WHAT YOU ARE ASKED TO DO: An acceptable answer contains every record below, unchanged, and no pictures.

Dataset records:

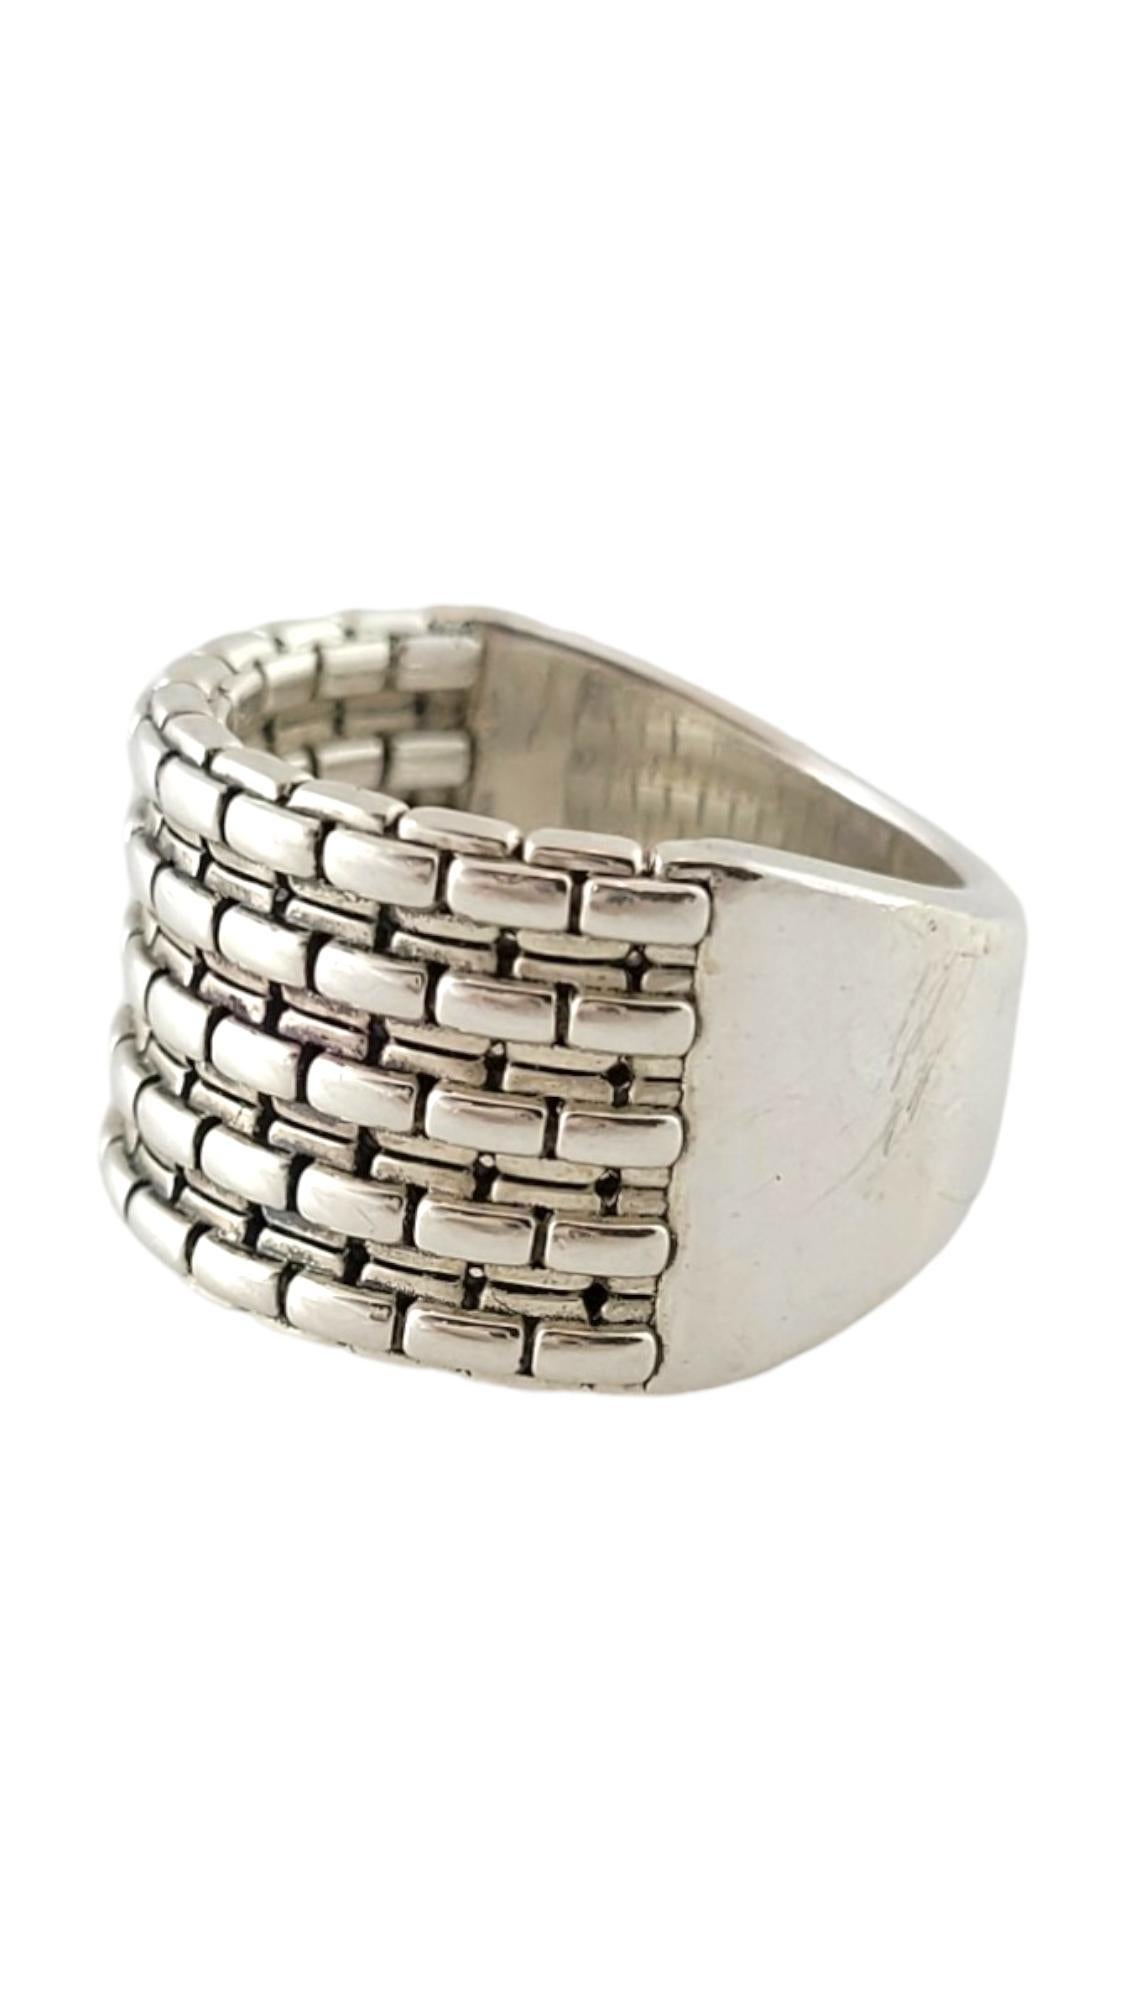 John Hardy Sterling Silver JAi Box Chain Band Size 7

This gorgeous sterling silver band by JAi by John Hardy is in a multi box chain pattern that is going to look great on you!

Ring size: 7
Shank: 6.86mm
Front: 13.06mm

Weight: 8.09 dwt/ 12.58

SOLUTION TO THIS EXERCISE:
 John Hardy Sterling Silver JAi Box Chain Band Size 7

This gorgeous sterling silver band by JAi by John Hardy is in a multi box chain pattern that is going to look great on you!

Ring size: 7
Shank: 6.86mm
Front: 13.06mm

Weight: 8.09 dwt/ 12.58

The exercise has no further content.